I pointed to Shiva's belly. He pulled aside his gown and I could see some of the incision, though a gauze pad with a drain passing through it hid the remainder. I raised my eyebrows at him, asking if it hurt. And he said, Only when I breathe, and we both laughed and both had to cut that off because of the pain. Stone stood looking on at this silent dialogue, amazed, a strange expression on his face.

Little did I know that Shiva's recovery had been complicated by a bile infection requiring antibiotics. Or that he had developed a blood clot in the vein in his right arm through which he'd been getting fluids. He was on a blood thinner, and the clot was resolving.

I held his hand for a long time, content to look at him, to thank him with my fingers, but he kept shrugging off my thanks. I reached for my pen, and Hema pushed the pad in front of me and I wrote, Greater love hath no man—

He didn't let me finish. He held my pen. He said, You would have done the same. I had my doubts, but he nodded. Yes, you would.

That evening, Deepak drained fluid from around my right lung, and my breath expanded in that direction. Then he took the wretched tube out of my throat. My first words were “Thank you,” and when that ugly blue machine left my room, I fell into a deep sleep.

The next morning was full of small miracles: being able to turn and gaze at the window and see sky, being able to say “Ouch” when the movement pulled on my incision. Hema wasn't around. The ICU was quiet. My nurse, Amelia, was unnaturally cheery. I assumed it was still early morning. “We have an X-ray to do downstairs,” she said, unhooking me from the tethers, and readying my bed to roll.

In Radiology I was lifted into the doughnut for a CAT scan, but oddly, it was of my head and not my belly. Surely it was a mistake. But no, the order was from Deepak, and it read, “CAT scan of the head with and without contrast.”

Back in my room and by noon, still no sign of Hema, or Stone, or Shiva. Amelia said they would be along presently.

The physical therapist helped me stand beside my bed for a few seconds. My legs felt like Jell-O sticks. I took a few steps with assistance, then sat in the chair, exhausted, woozy, as if I had run a marathon. I dozed there, ate what little I could. After lunch, I took a few more steps, and even peed upright. The nurses helped me back to bed. In retrospect, they seemed pleased to get out of my room.

IT WAS 2:00 P.M. when Thomas Stone appeared at my door. There were dark circles around his eyes. He sat self-consciously on the edge of the bed. He touched my hand. His lips parted.

“Wait,” I said. “Don't say anything yet.” I looked out of the window at the clouds, at distant smokestacks.
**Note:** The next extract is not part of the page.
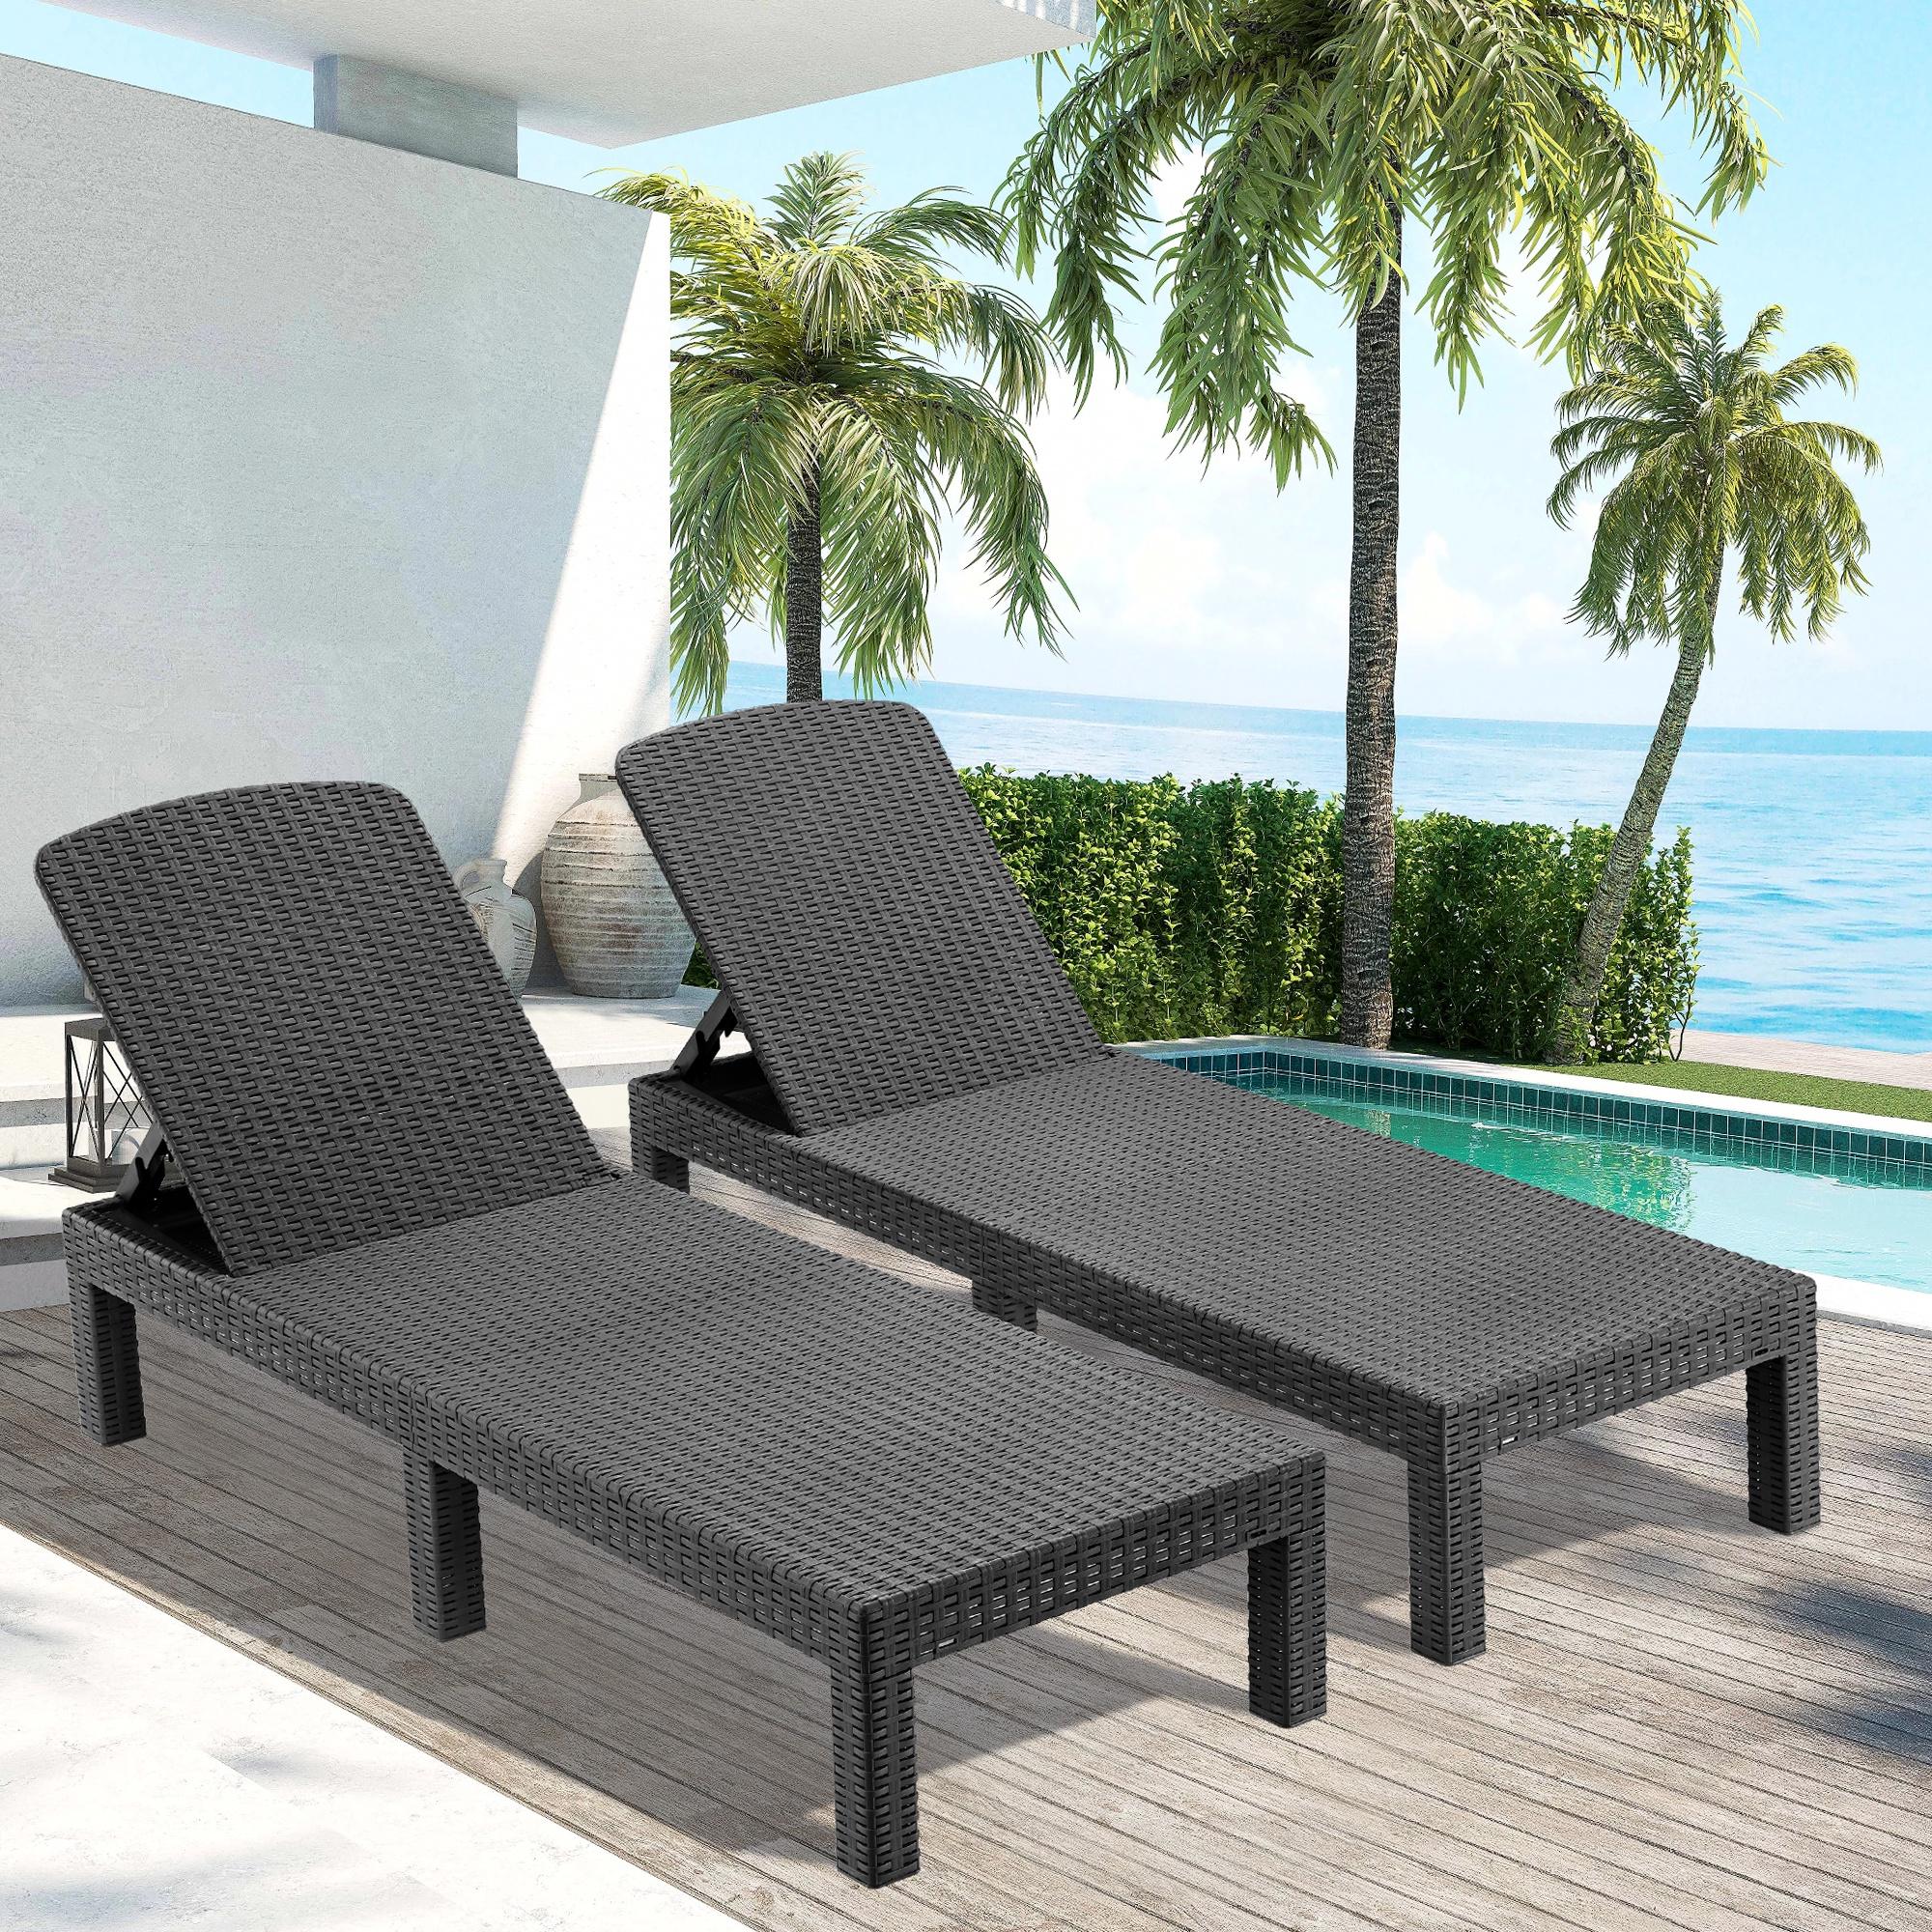 Chaise Lounge Set of 2, Patio Reclining Lounge Chairs with Adjustable Backrest, Outdoor All-Weather PP Resin Sun Loungers for Backyard, Poolside, Porch, Garden, Gray - image 1 of 10

The world was intact now, but I knew once he spoke it wouldn't be so.

“Okay,” I said. “What happened to Shiva?”

“He had a massive bleed in his brain,” he said, his voice hoarse. “It happened last night, about an hour after we left your room. Hema was with him. He suddenly clutched his head in pain … Then, in a matter of seconds, he was … unconscious.”

“Is he gone?”

Thomas Stone shook his head. “He bled from an arteriovenous malformation, a cavernous tangle of blood vessels in the cortex. He has probably had it all along … He was on anticoagulants for the blood clot in his arm … In a week we would have stopped.”

“Where is he?”

“Here. In the ICU. On a ventilator. Two neurosurgeons have seen him.” He shook his head. “It isn't feasible to evacuate the bleed. They think it's too late. And that he's brain-dead.”

I didn't register much of what he said after that. I remember he said that my CAT scan showed a similar but smaller spider knot of vessels, but mine wasn't bleeding, a miracle of sorts, I suppose, since I'd bled from everywhere till I got Shiva's liver.